In November 2025, they made the shot. The resulting panorama, which they titled "Revolution on the Green," places modern Morristown directly alongside Parker's Edwardian-era image. The Model Ts and horse buggies are gone, replaced by sedans and SUVs, and the streets read as markedly busier. Roshto made a deliberate choice to keep that busyness visible in the final image. "It's much busier; we intentionally left in some of the blurry cars, because it kind of felt right," he told Patch. "Things are moving much faster nowadays, the busyness kind of just felt like a nice transition from what seems to be a slower-paced picture in the original."

AI-generated illustration
AI-generated illustration

Because the Cirkut camera rotates on a clockwork mechanism during the long exposure, moving vehicles register as blur across the wide negative, a characteristic artifact of the format that the photographers preserved rather than eliminated. The effect communicates something the technical specs alone cannot: the tempo of a city more than a century on.
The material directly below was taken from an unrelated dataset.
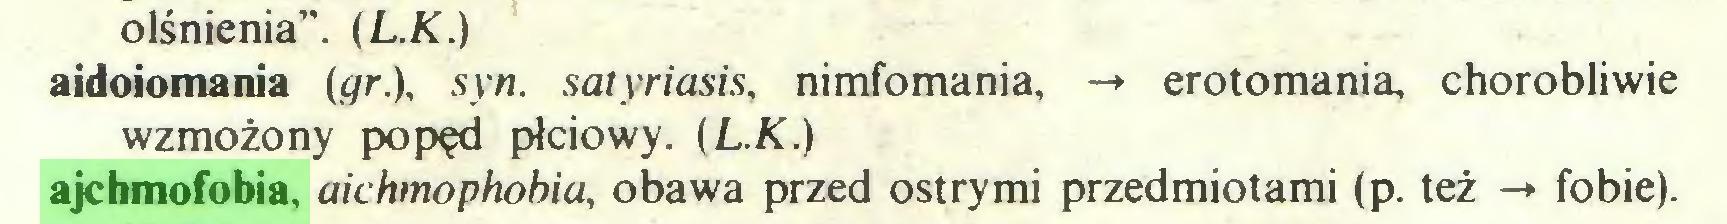 """(...) olśnienia"""". (L.K.) aidoiomania igr.), syn. satyriasis, nimfomania, -* erotomania, chorobliwie wzmożony popęd płciowy. {L.K.) ajchmofobia, aichmophobia, obawa przed ostrymi przedmiotami (p. też -*• fobie)..."""
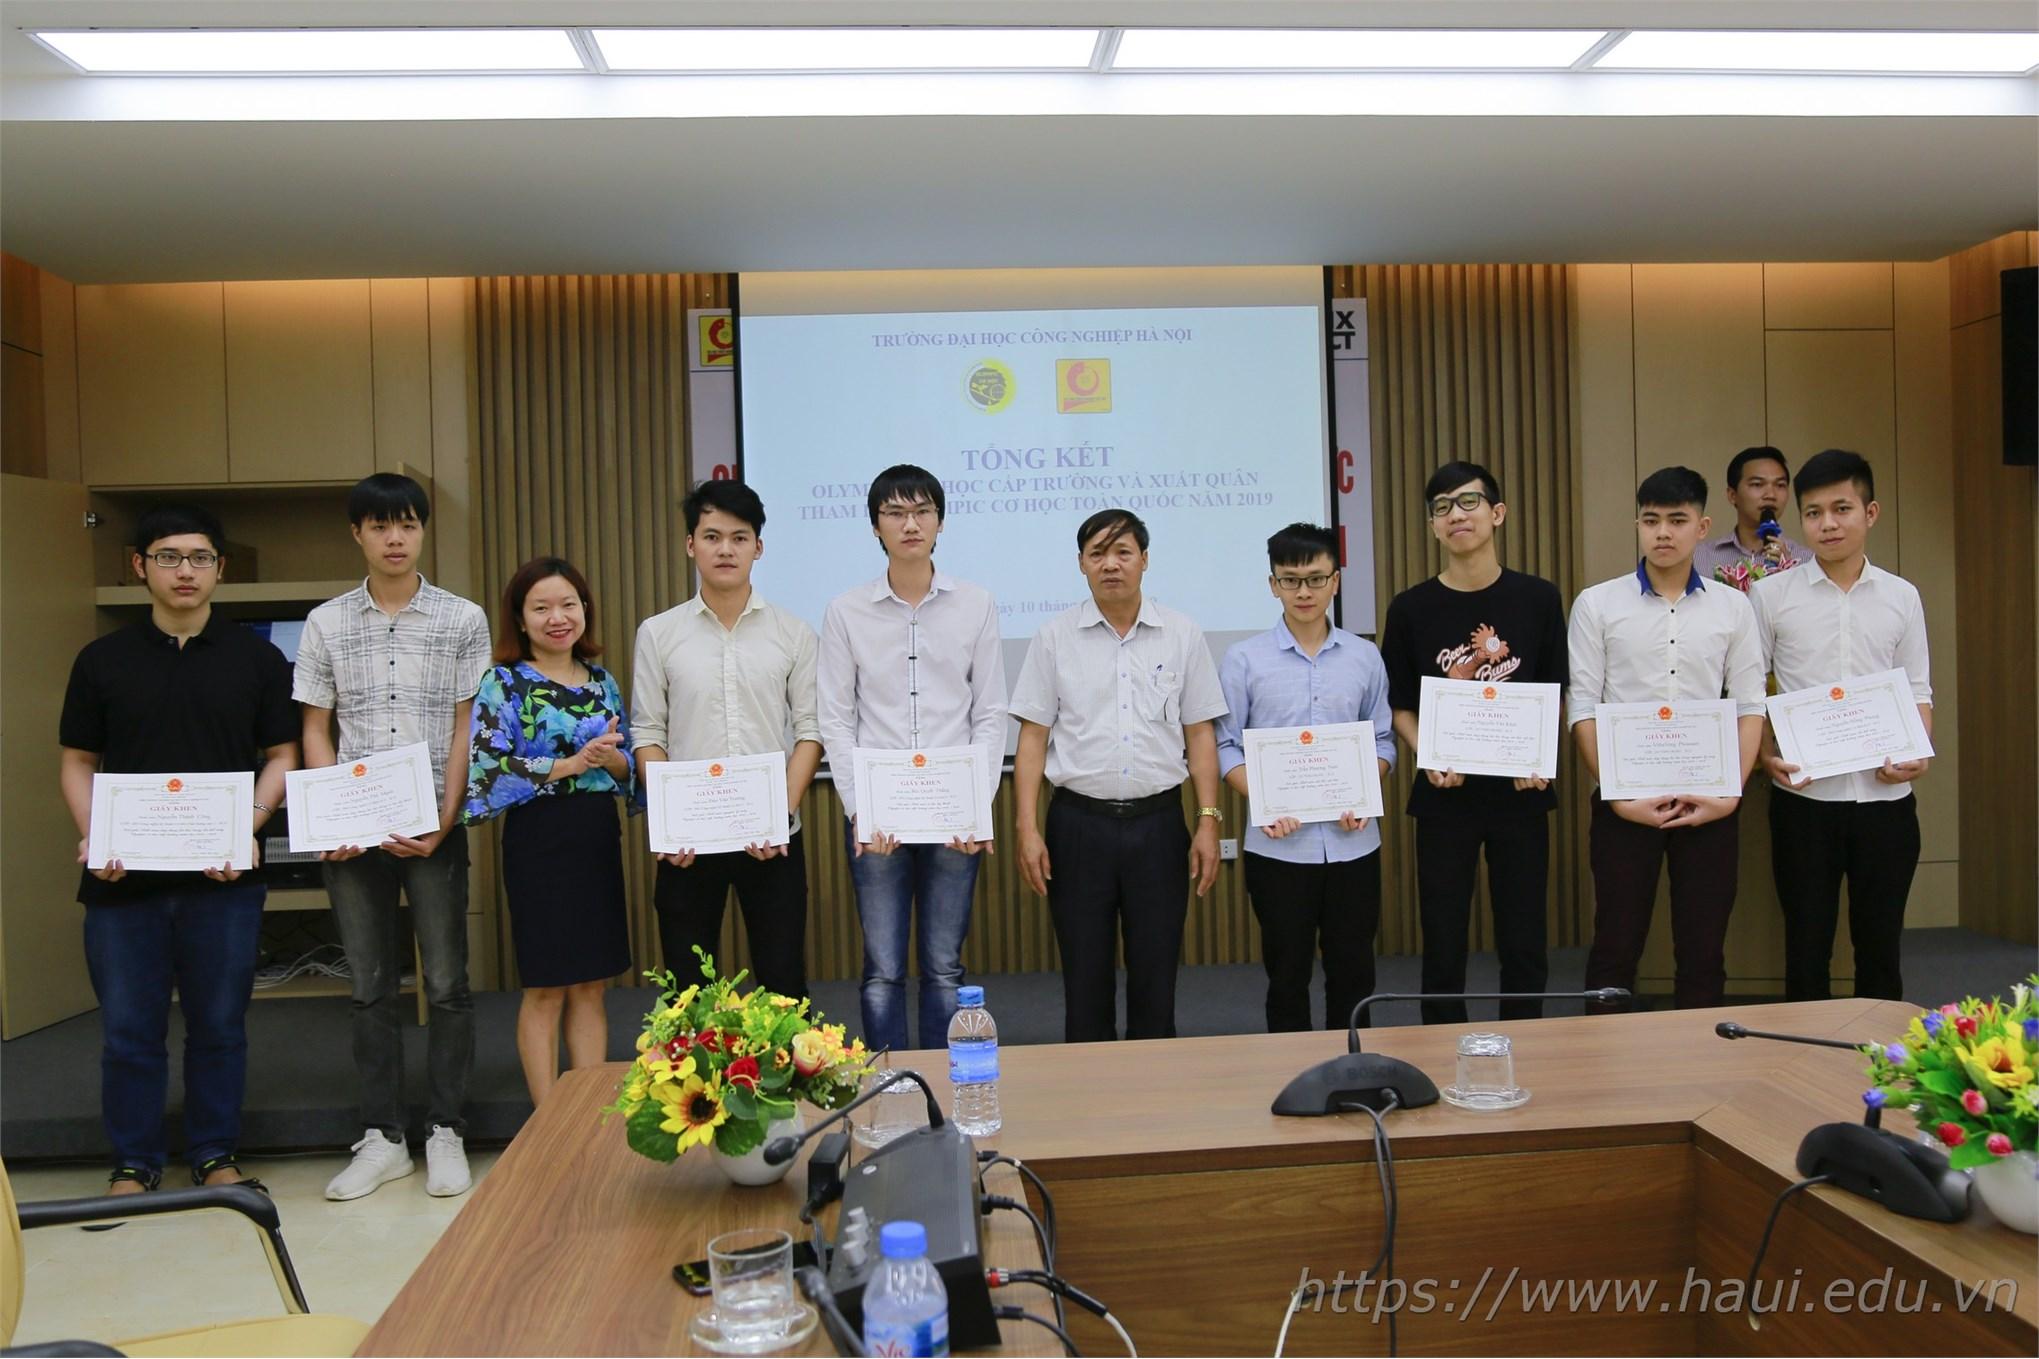 Tổng kết thi Olympic Cơ học cấp trường và xuất quân tham dự Olympic Cơ học toàn quốc năm 2019

Not everything changed. "The things that stayed the same, I think, are just as interesting as the things that have changed," Roshto said. "A lot of the building architecture is similar." Juxtaposed side by side, the two panoramas share the same spatial logic: the park at center, the surrounding streets, the bones of the same historic buildings holding the edges of the frame.

Sources differ slightly on the original photograph's date, with some accounts citing 1910 and the local Patch report specifying 1912. The North Jersey History and Genealogy Center, which Fiedler and Roshto consulted during their research, would be the appropriate resource for resolving that question against archival records.